Кольцо Саладина, ч 4. Последнее воскресенье, 32

Кофе нашлось у Эдика без проблем. Я ухватил сразу две банки – одну для пани. Потом взял ещё одну - чтобы им двоим с Таткой хватило на всё время, пока я буду в отъезде. На лету приметил в рюкзаке сгущёнку – тоже забрал пару банок. Кофе с молоком для пани – не напиток, а еда, она сама говорила, а чёрный – средство реанимации. Теперь хоть завтракать нормально будут, и лекарство под боком. И у меня немного отлегло от сердца.
Я прихватил ещё с десяток шоколадных медалек, не глядя, подцепил красивый пакет, сложил добро, кинул Эдику на бегу «посчитай!» и рванул в коридор. Теперь тонометр. Слетел по лестнице, нырнул в неприметную дверь в глубине холла, спустился в цокольный этаж. Где тут эта тётя Луша со своей гипертонией… кажется, здесь…

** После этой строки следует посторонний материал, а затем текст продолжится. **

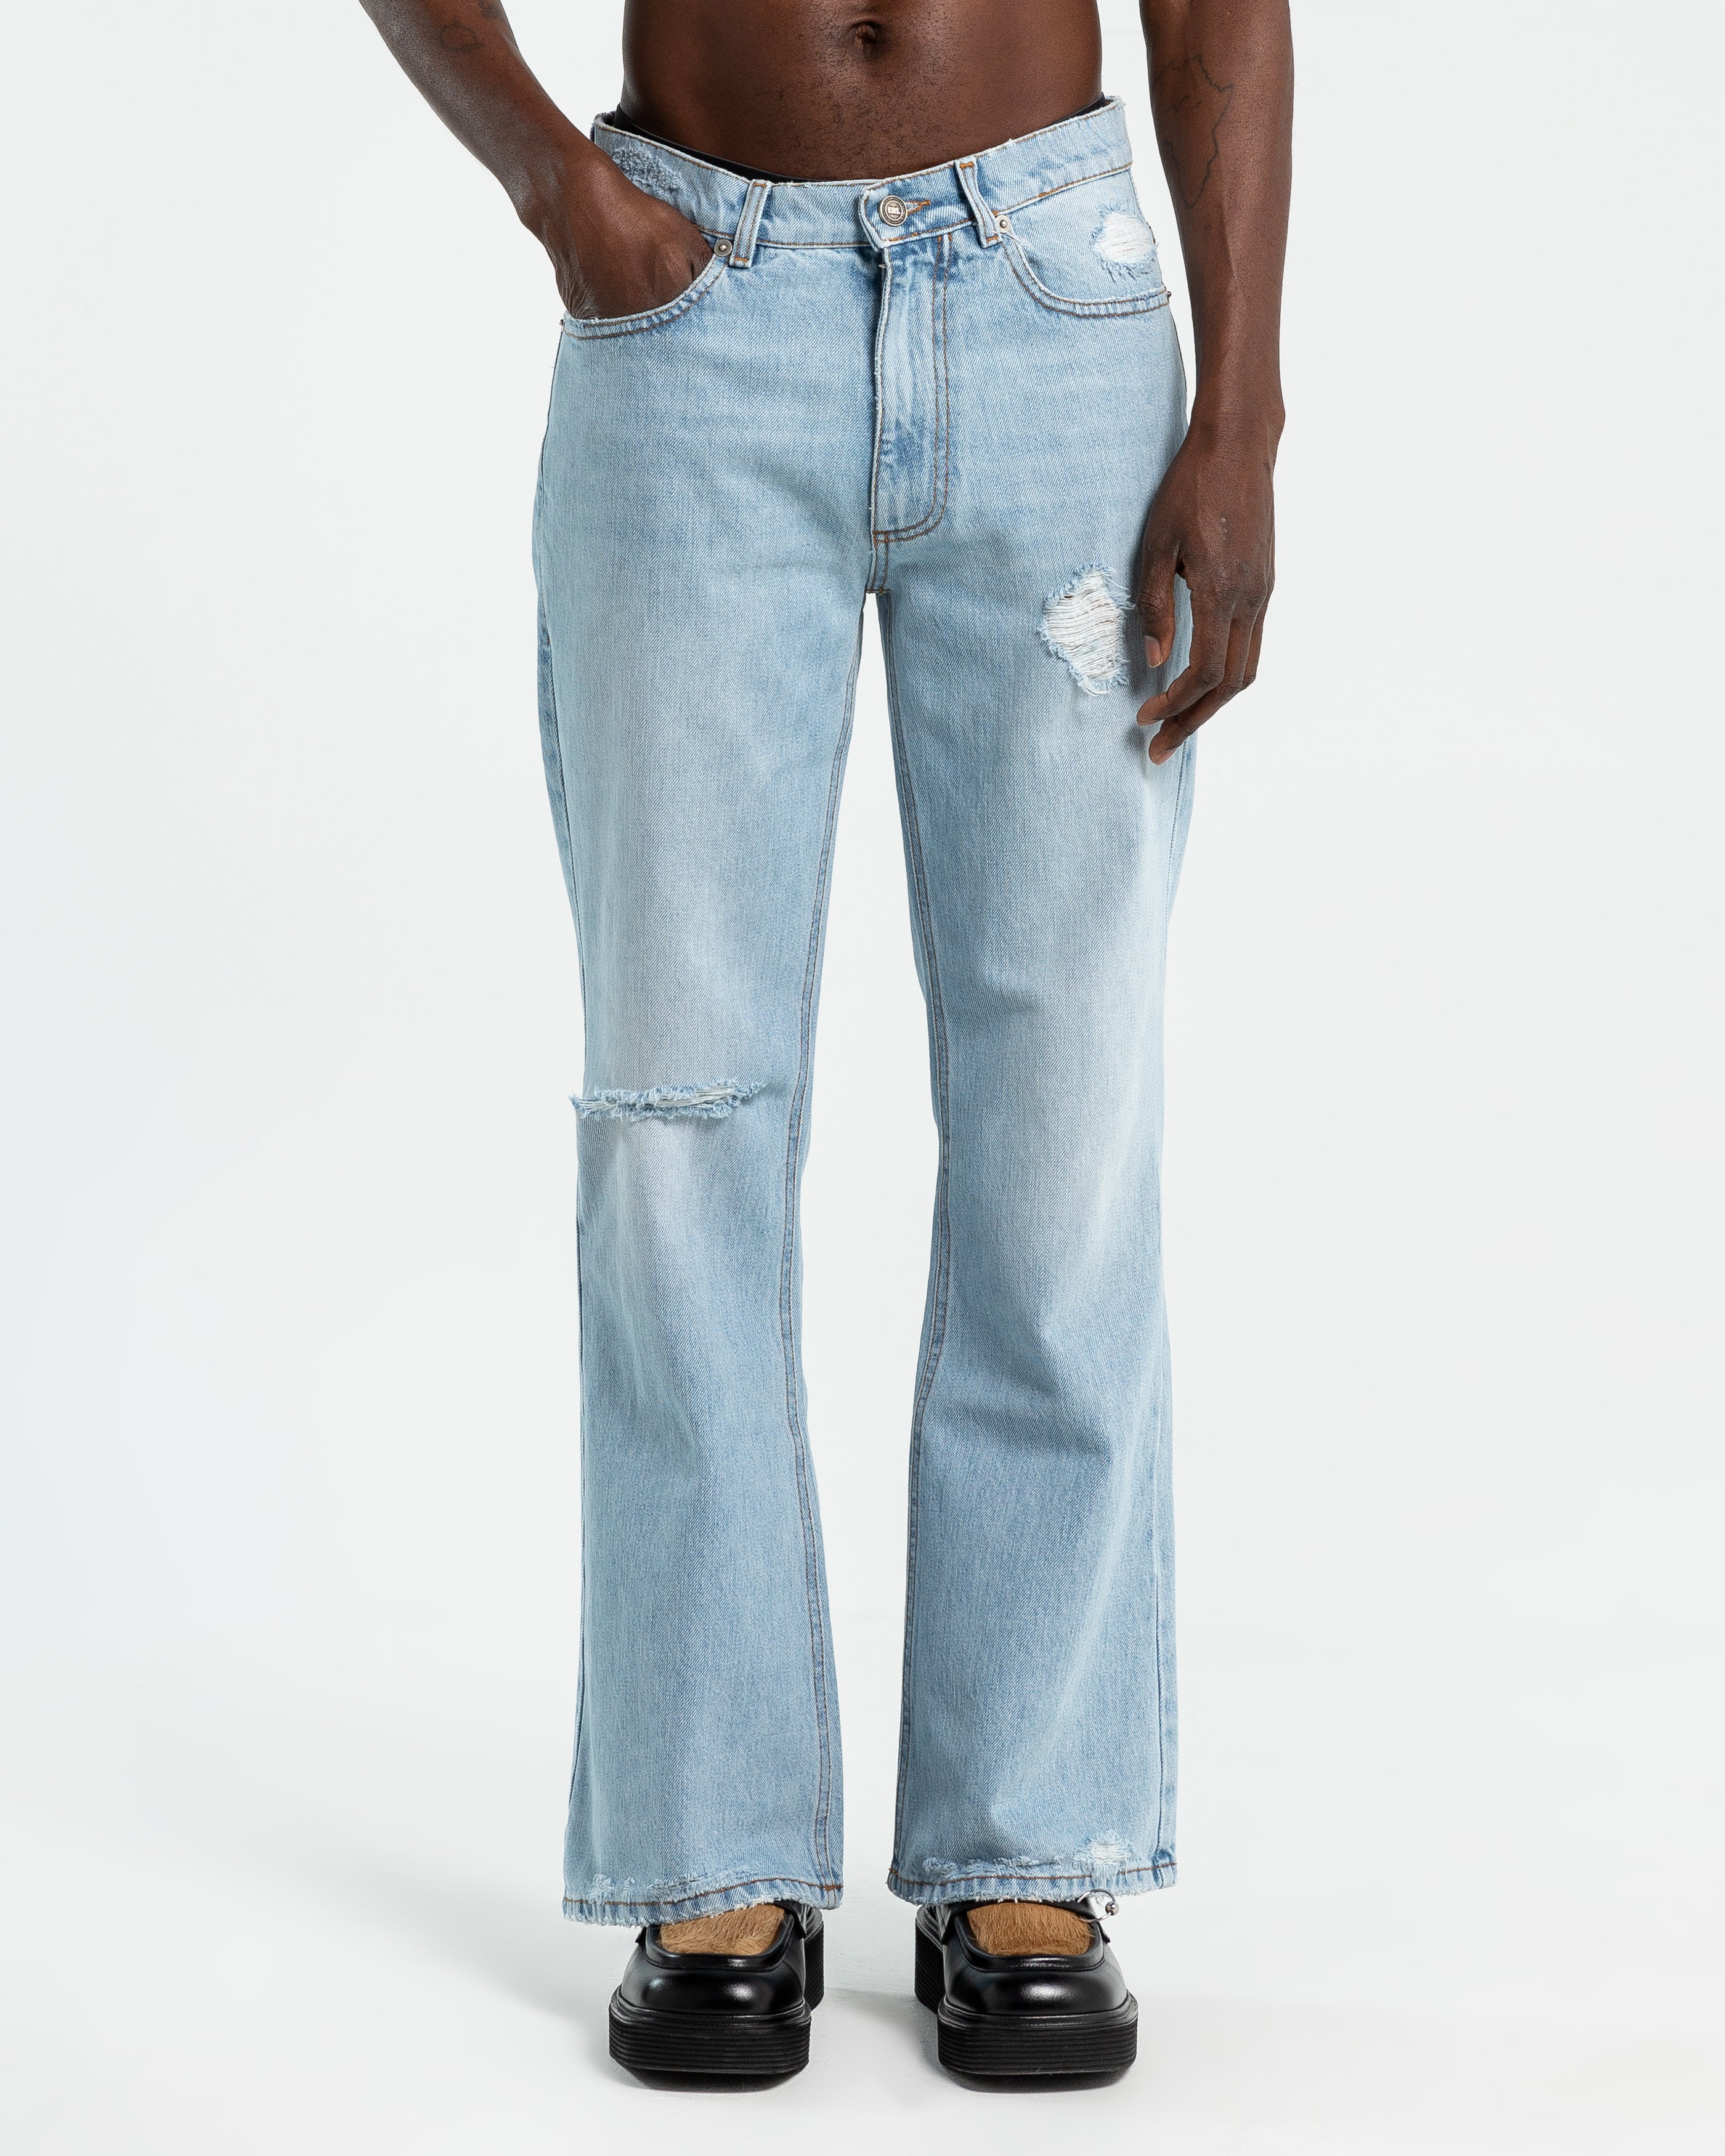 Jalioing Women's Ripped Jeans Mid Rise with Belt Straight Leg Rolled Bottom  Pocket Distressed Denim Pants (Medium, Blue) - Walmart.com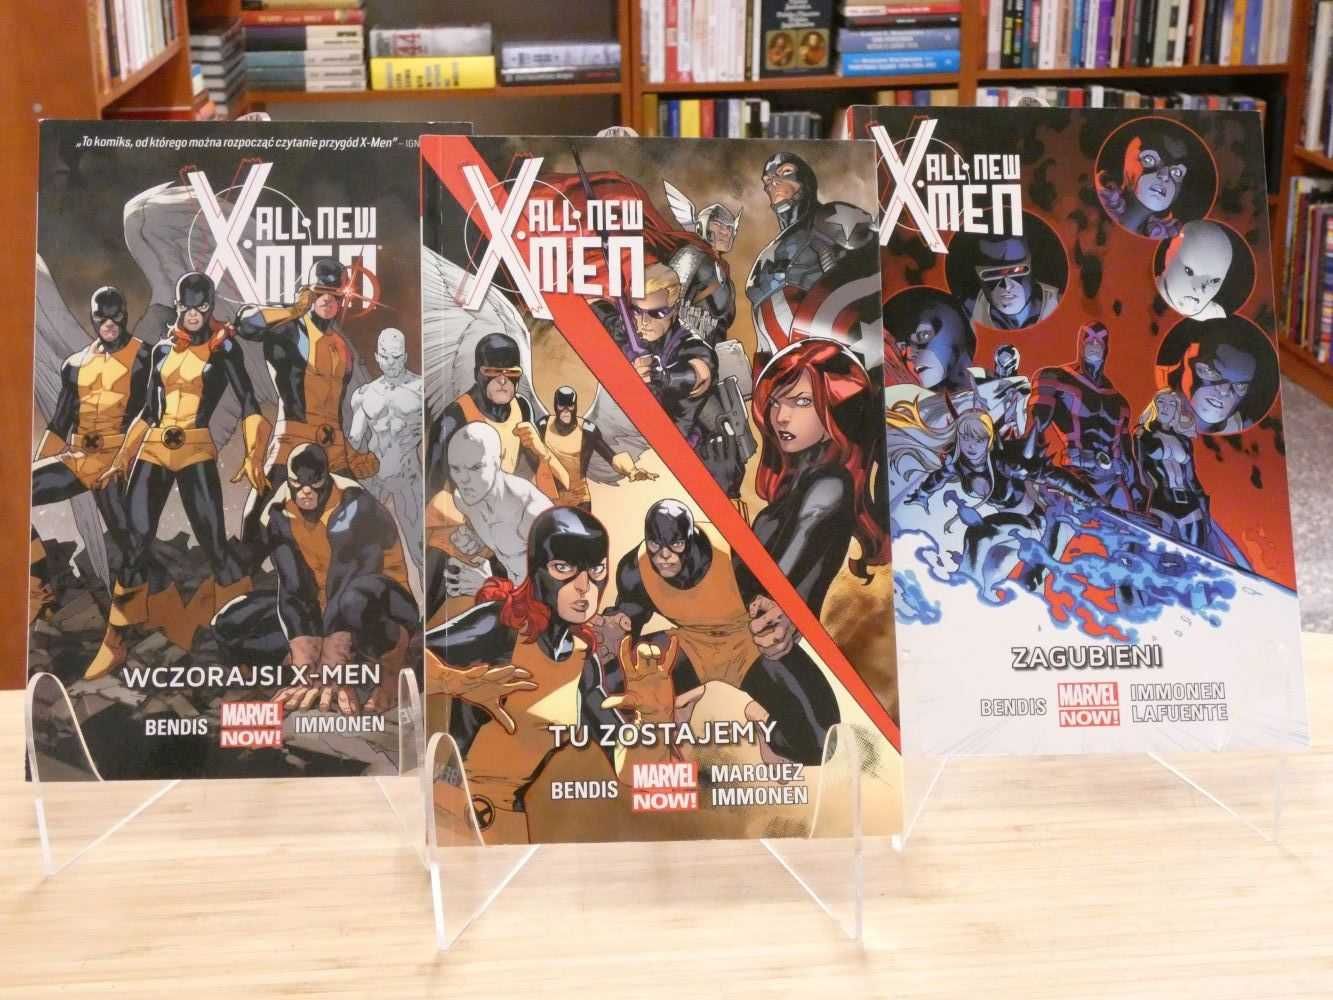 All New X-Men Wczorajsi X-Men 1-3 Marvel NOW!

Дверь была приоткрыта, оттуда слышались голоса. Едва постучав, я без церемоний ввалился в комнатёнку – и встал, как вкопанный. За столом, возле электрического самовара сидел человек в кепке. Спокойно сидел и спокойно пил чай из стакана с подстаканником.
От неожиданности я не сразу поздоровался. Страха я не почувствовал, наверное, нанервничался из-за Синти, на страх не осталось сил. Но шок - тупой такой шок – вполне пережил.
Первое, что стрельнуло в голову: тот или нет? Наверное, тот, кто встретился тогда здесь, рано утром, у входа. И, наверное, всё-таки, не тот, что был на Вернисаже.
Мужик вполне доброжелательно кивнул мне, как старому знакомому.
- А… - я всё-таки немного смутился. – Где тут наша волшебная тётя Луша с волшебным тонометром?
Мужик, не вставая с места, кивнул на тумбочку. Не особенно раздумывая, я открыл её, вытащил агрегат в коробке из-под обуви - машинально отметил, что коробка из-под наших танцевальных испанских туфель - и, не мешкая, дёрнул обратно.
- Сейчас верну! – крикнул я на бегу.
Просто мужик, - мелькало у меня в голове в полной сумятице. - Мало ли кепок на свете. Может, рабочий тутошний. Или сторож. И, подумаешь, кивнул. Мало ли меня тут народу знает. Как раз многие, как облупленного, знают. Это я знаю не всех. Кстати, с кем он там разговаривал-то, вроде, никого больше не было…
В моей каморке Синти, уже без платья, полулежала на кровати, Миша, как всегда, позитивно гудя, колдовал над её коленкой. В комнате витал спиртной запах.
- Ну, что тут у нас? – я вытряхнул коробку на постель, и Миша своими здоровенными, но ловкими ручищами начал пристраивать агрегат на руку Синти.
- До свадьбы заживёт, - заверил он. – Кофе нашёл? Сделай покрепче и послаже.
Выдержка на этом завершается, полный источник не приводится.